(Items from a data source)

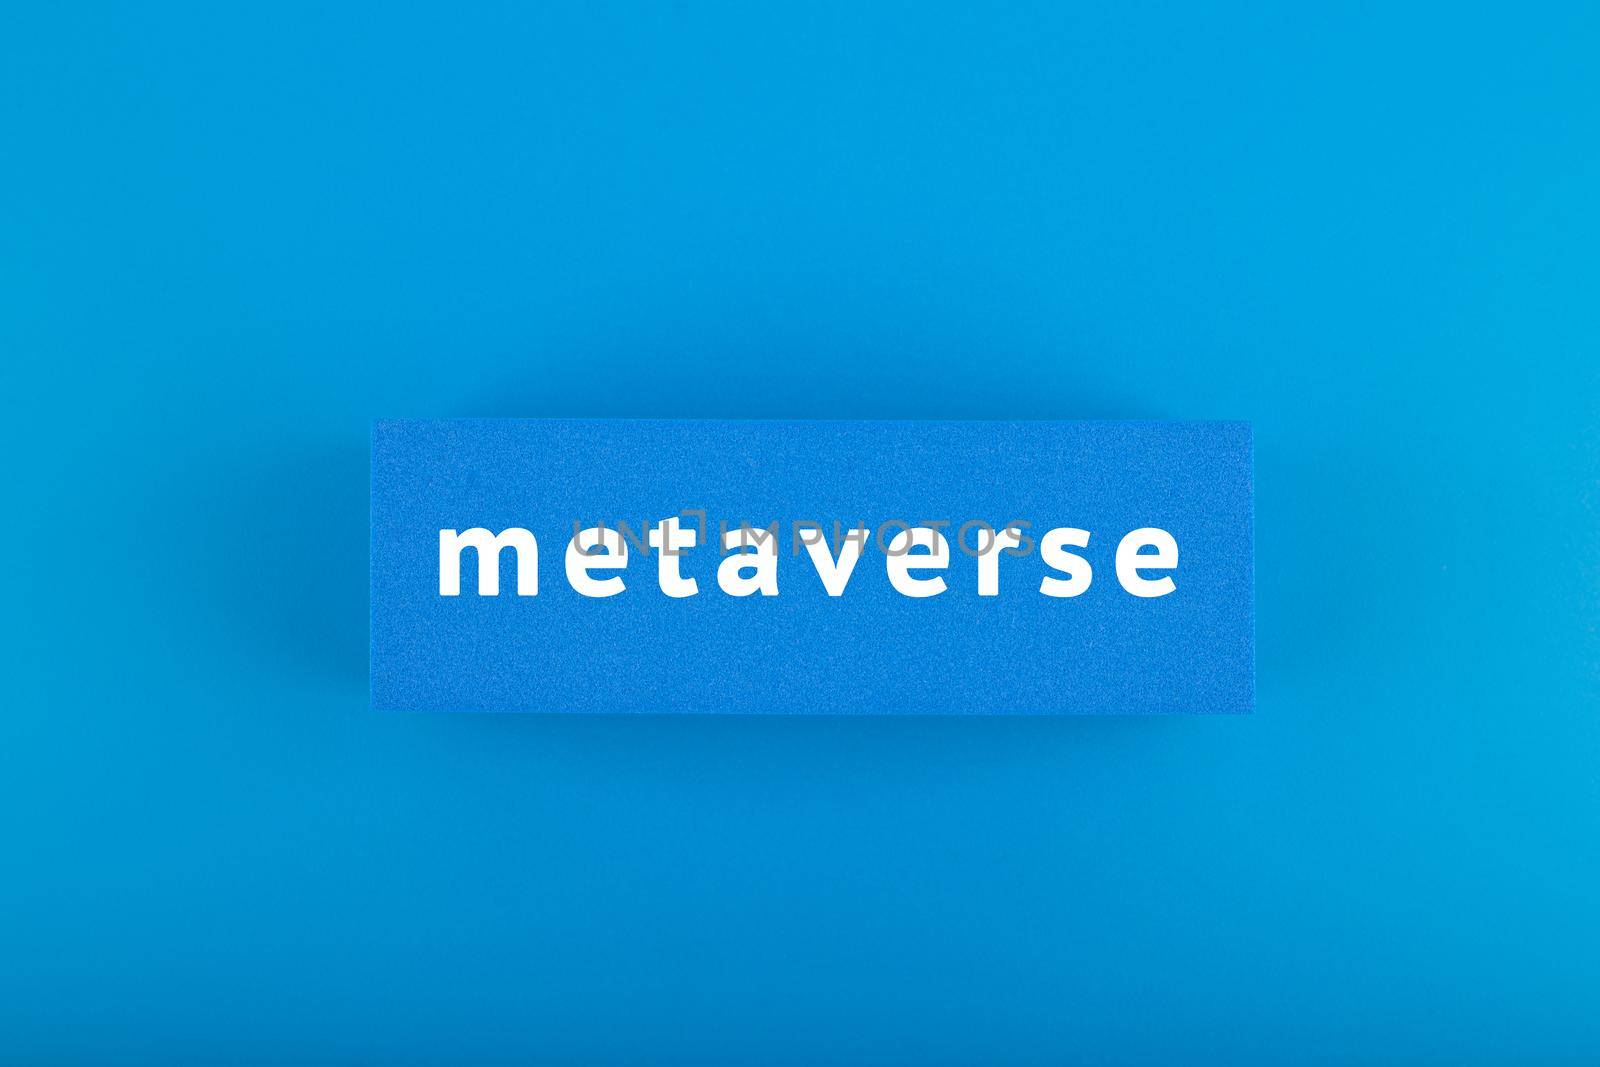 Metaverse modern minimal concept in blue colors. Written metaverse single word on blue rectangle against blue background. Future technologies. 
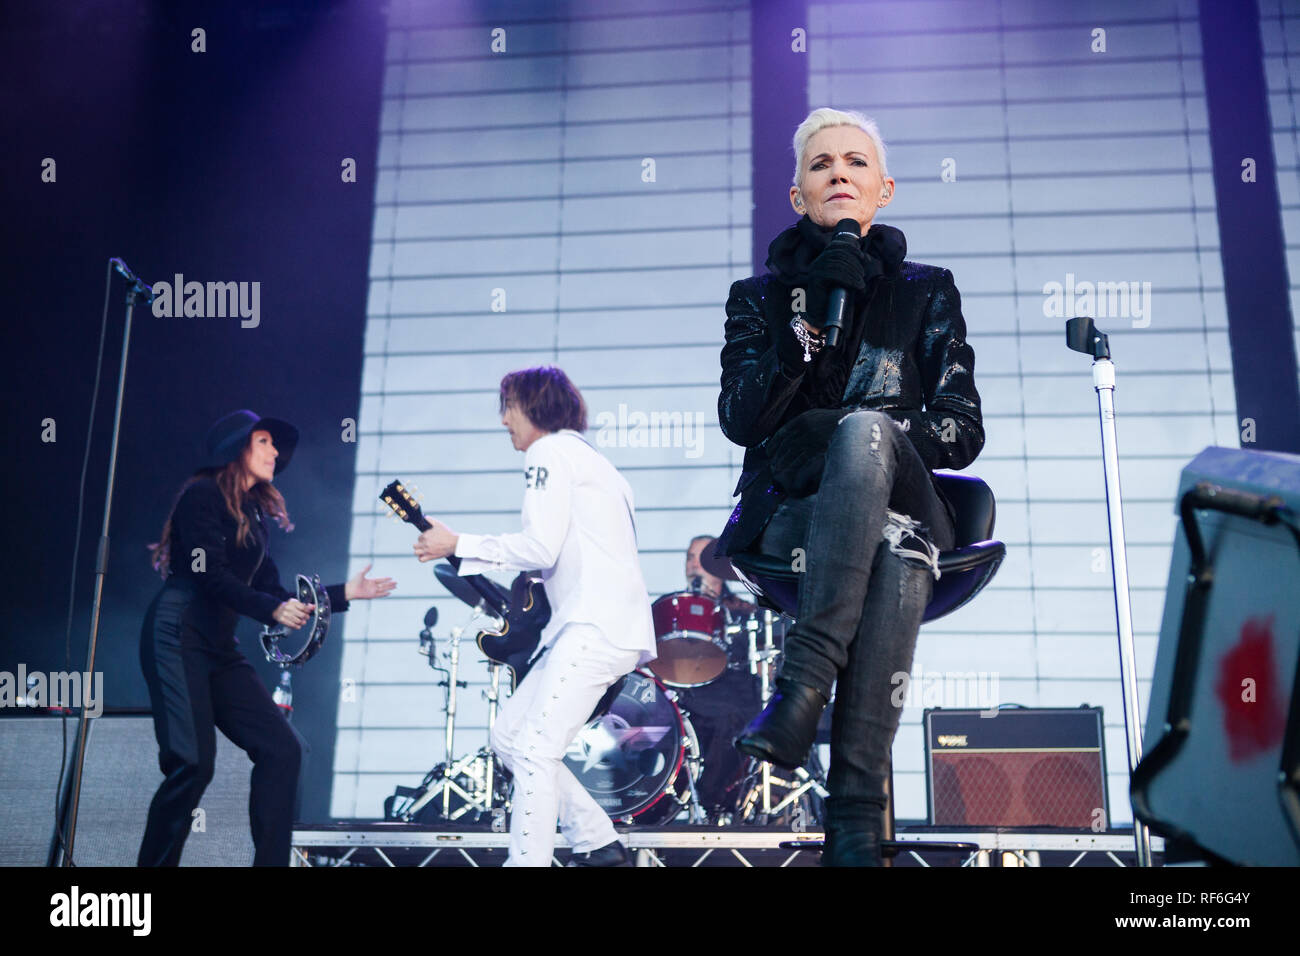 The Swedish pop rock duo Roxette performs a live concert at the Danish music festival Jelling Festival 2015. The duo consists of singer Marie Fredriksson (front) and musician Per Gessle (back). Denmark, 23/05 2015. Stock Photo
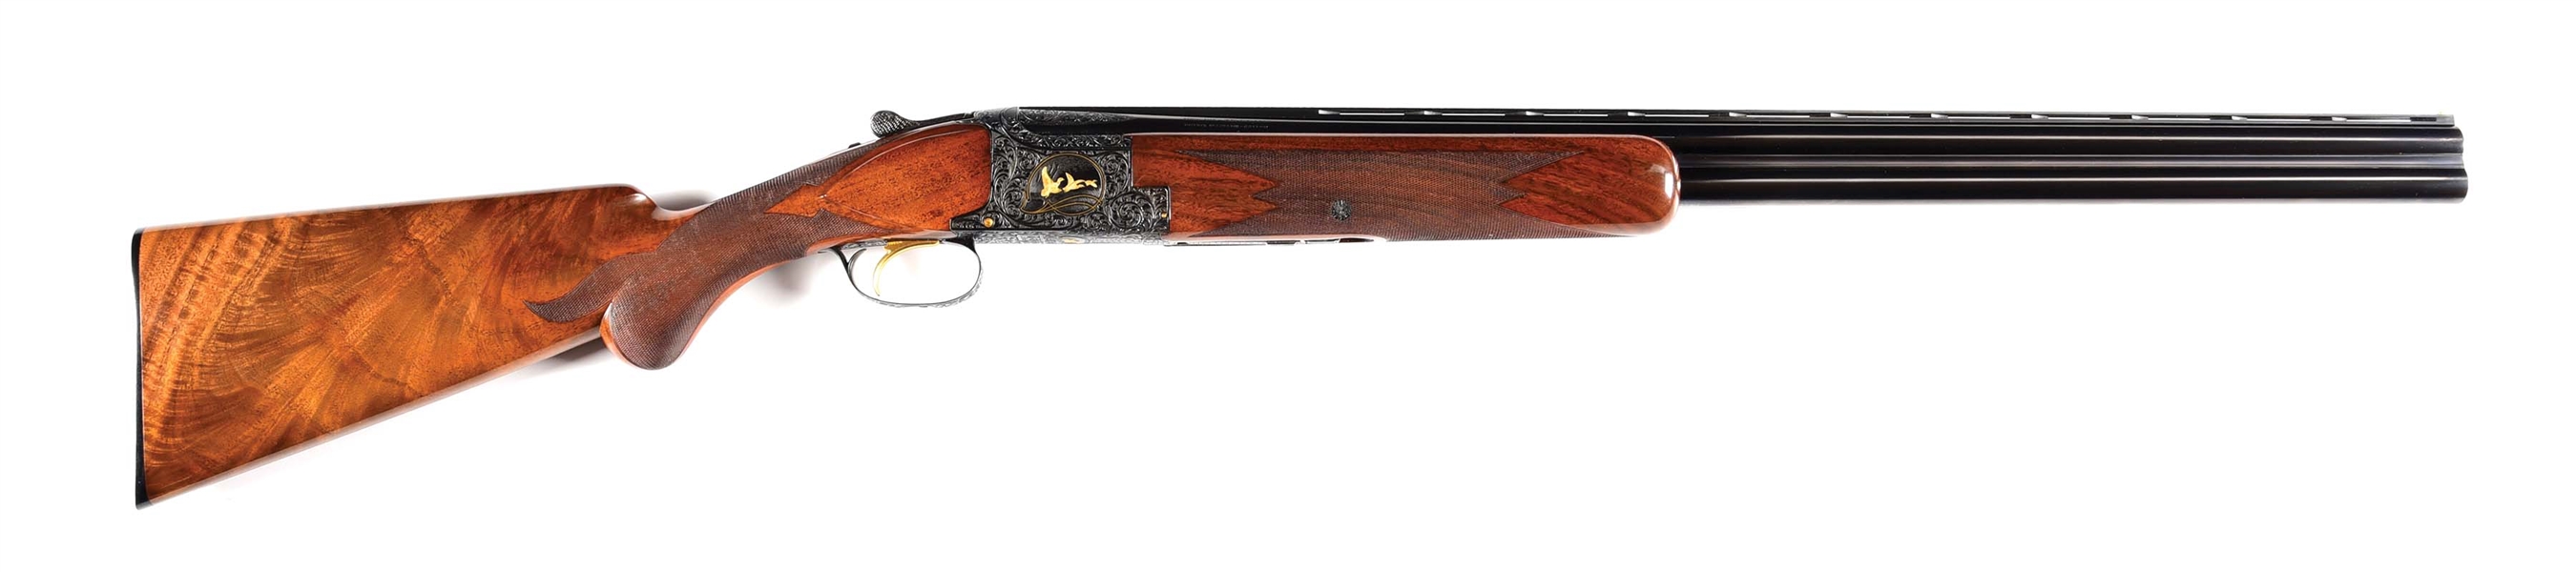 (C) MIDAS GRADE BROWNING SUPERPOSED SHOTGUN ENGRAVED BY LEROY WITH BOX.
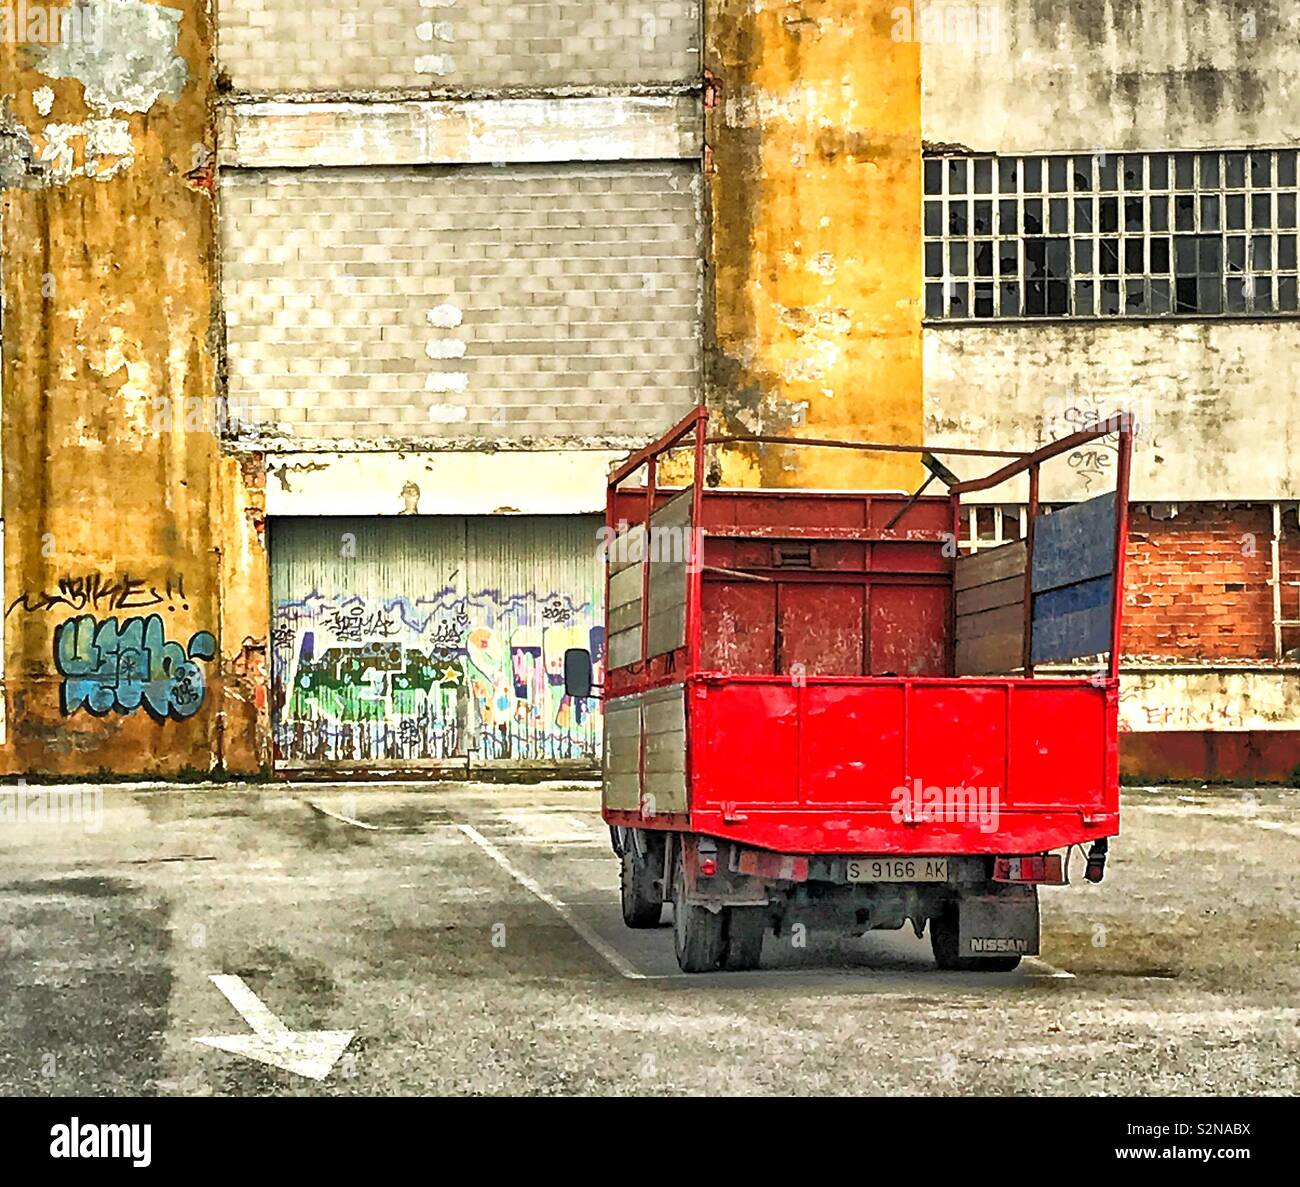 A red truck parked in front of a dilapidated warehouse with graffiti daubed on the walls in the fishing village of Santoña, northwest Spain Stock Photo
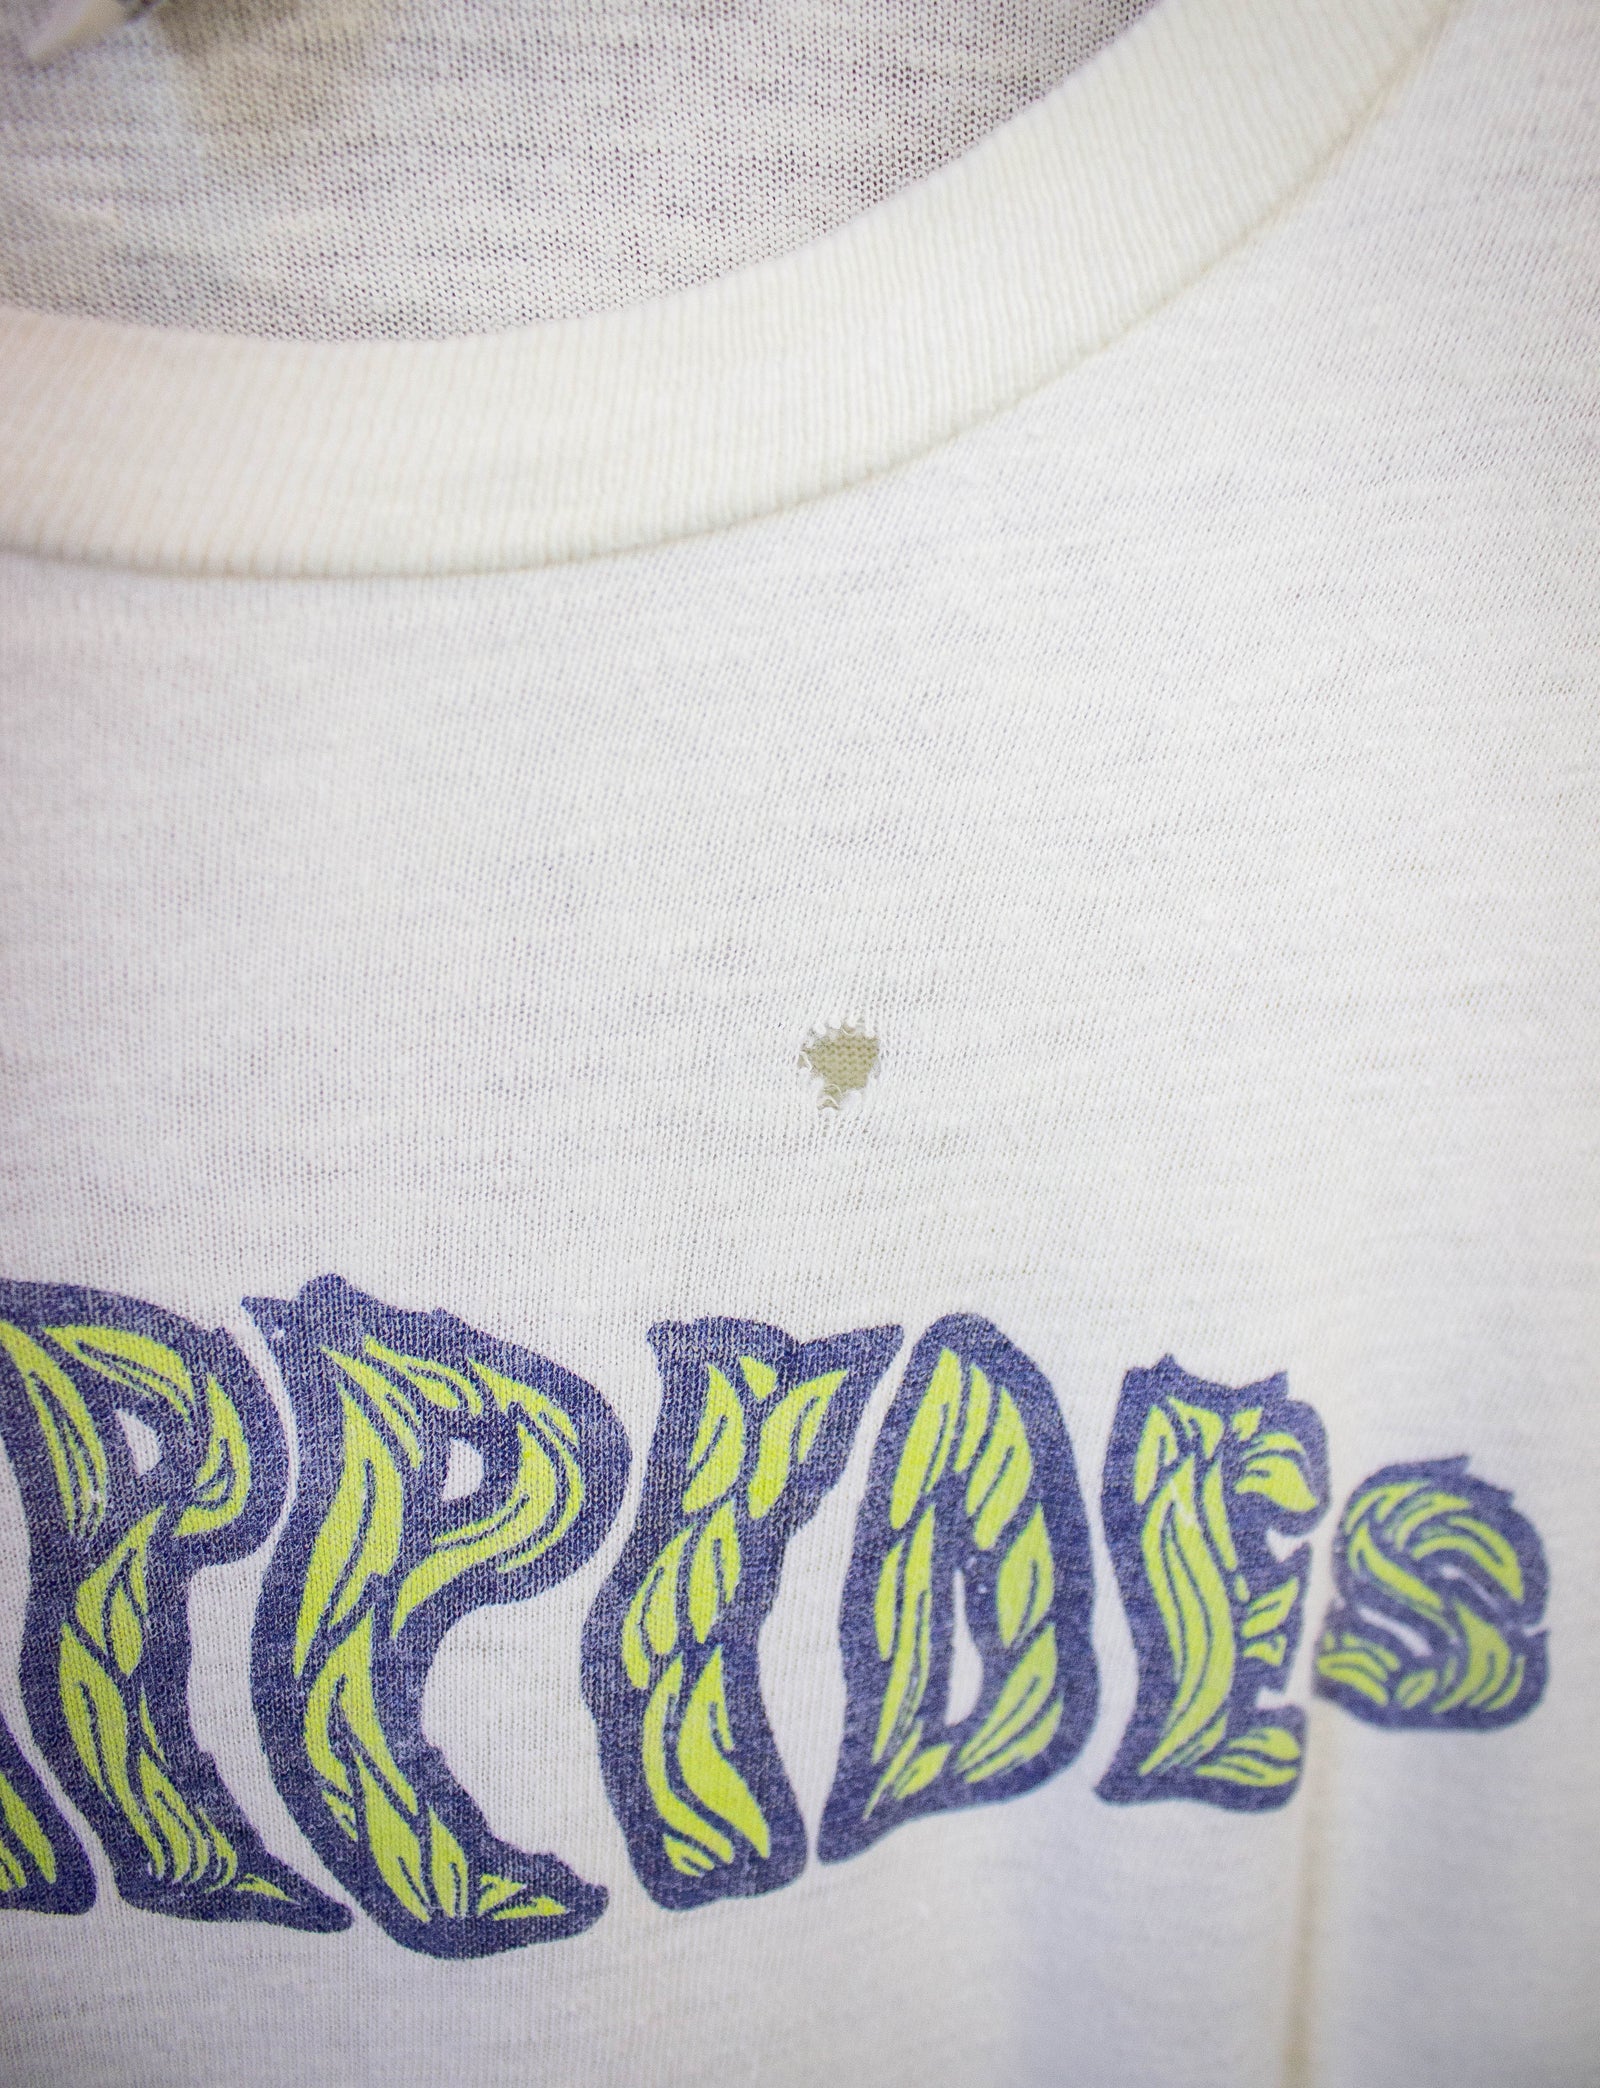 Vintage Phidippides May Run Graphic T Shirt 1978 White Small

_ASSIGNMENT_. Transcribe every line of the data exactly. No pictures go in the copy.

_OUTPUT OF THE EXERCISE_.
 Metaverse modern minimal concept in blue colors. Written metaverse single word on blue rectangle against blue background. Future technologies. 
 The Swedish pop rock duo Roxette performs a live concert at the Danish music festival Jelling Festival 2015. The duo consists of singer Marie Fredriksson (front) and musician Per Gessle (back). Denmark, 23/05 2015. Stock Photo
 (C) MIDAS GRADE BROWNING SUPERPOSED SHOTGUN ENGRAVED BY LEROY WITH BOX.
 A red truck parked in front of a dilapidated warehouse with graffiti daubed on the walls in the fishing village of Santoña, northwest Spain Stock Photo
 Vintage Phidippides May Run Graphic T Shirt 1978 White Small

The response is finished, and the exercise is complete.